I. Initial Consultation
One day in September 2021, a middle-aged female patient was seen in the outpatient clinic. The patient reported that she had developed ear pain two days ago without any obvious cause. The pain was mild and intermittent at first, so she did not pay attention to it. On examination of the patient, it was found that a large amount of cerumen was attached to the external auditory canal, obscuring the eardrum. The cerumen was removed with lance forceps and the deep part of the external auditory canal and its tympanic membrane were significantly congested, with indistinct tympanic membrane markers. The patient was advised to undergo further examination to clarify the diagnosis.
II. Treatment history
After brief communication with the patient, blood tests were recommended, which showed a significant increase in leukocytes and C-reactive protein; pure tone audiometry suggested a conductive hearing loss, and the patient was diagnosed with acute tympanitis. Because of the patient’s pain and other inflammatory reactions, the patient was recommended to receive fluids for treatment. The medication may be considered amoxicillin sodium for injection. At the same time of infusion, the patient was advised to apply topical lomefloxacin hydrochloride ear drops in the ear to reduce inflammation and observe clinical symptoms for 3-5 days with regular medication. The patient had no change of symptoms during the treatment period and the overall trend was good.
III. Treatment effect
The patient was treated for 6 days from the outpatient visit, during which the patient was cooperative and actively treated. The ear pain, hearing loss and tinnitus symptoms at the time of admission disappeared and the patient could work and live normally. Post-treatment checkup revealed that the mandibular lymph nodes disappeared; the tympanic membrane congestion under the endoscope improved significantly. In addition, the patient was advised to stop using lomefloxacin hydrochloride ear drops for 2 days, and the repeat blood test indicated that it had returned to normal.

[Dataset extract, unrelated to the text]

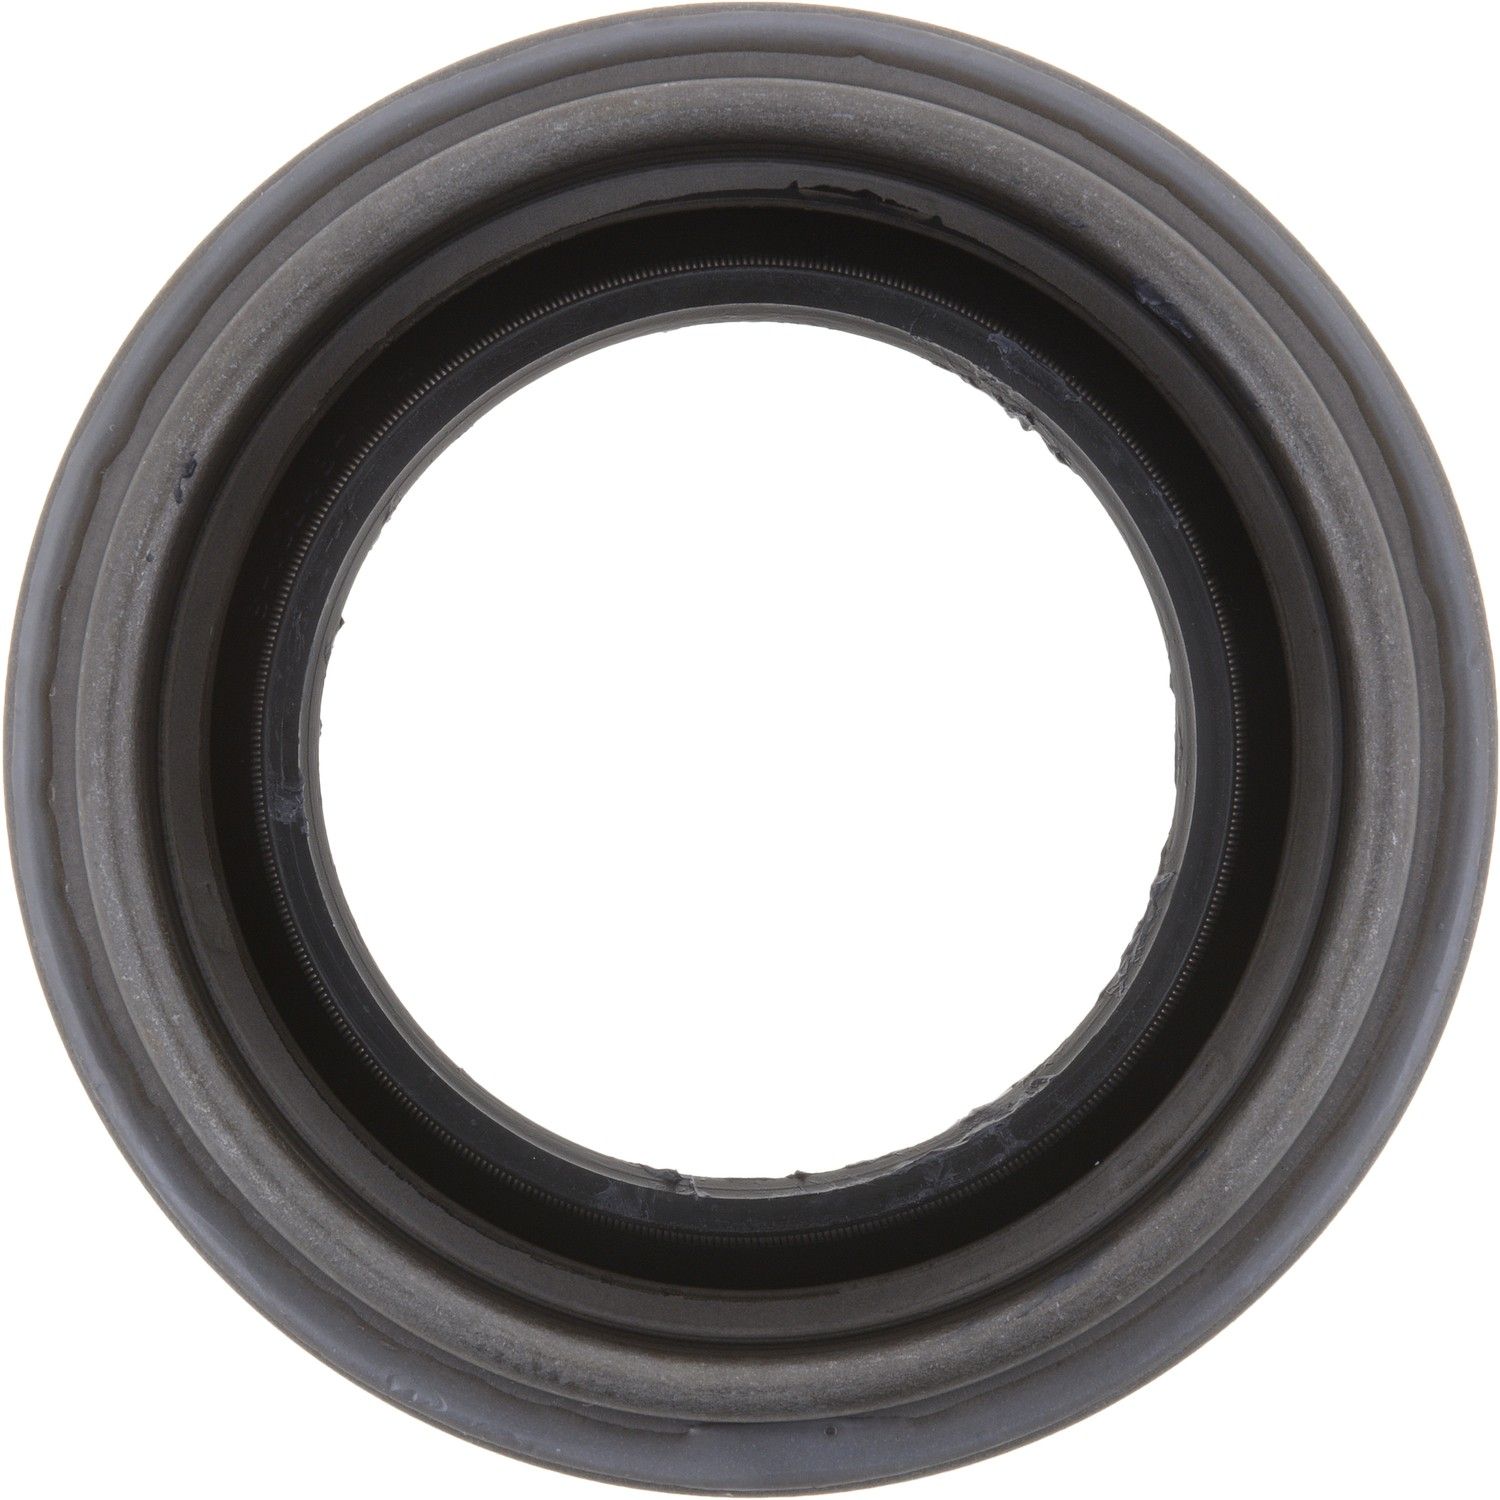 YMS714512 Replacement Pinion Seal for Dana S135 Differential Yukon

In summary, the symptoms improved after treatment, and the indicators gradually recovered and the condition was cured.
IV. Precautions
The patient recovered from the disease after active treatment, and I was as happy as the patient. However, the end of treatment does not mean that there will never be a relapse, and daily care is equally important. Patients should strengthen nutrition and exercise properly to improve their health and reduce the chance of bacterial and viral infections. During the consolidation of treatment, bathing in public baths is not recommended; pay attention to temperature changes to avoid catching a cold; cerumen secretion is usually high and needs to be cleaned regularly at the hospital.
V. Personal insight
Acute tympanitis is a common clinical disease in otorhinolaryngology with many causes. Clinical symptoms include ear pain, stuffy feeling, tinnitus, etc. Serious cases may induce lymphatic inflammation. For the patient in this case, the main etiology considered the long-term accumulation of cerumen in the patient’s ear canal, which eventually induced infection, showing the importance of regular cerumen cleaning to avoid the formation of embolism. Therefore, if symptoms such as ear pain and ear swelling occur, you should seek medical attention and treat them symptomatically, which usually heals in about 1 week after active treatment. In addition, ensure a positive and optimistic attitude, eat a light diet, and avoid smoking and drinking alcohol.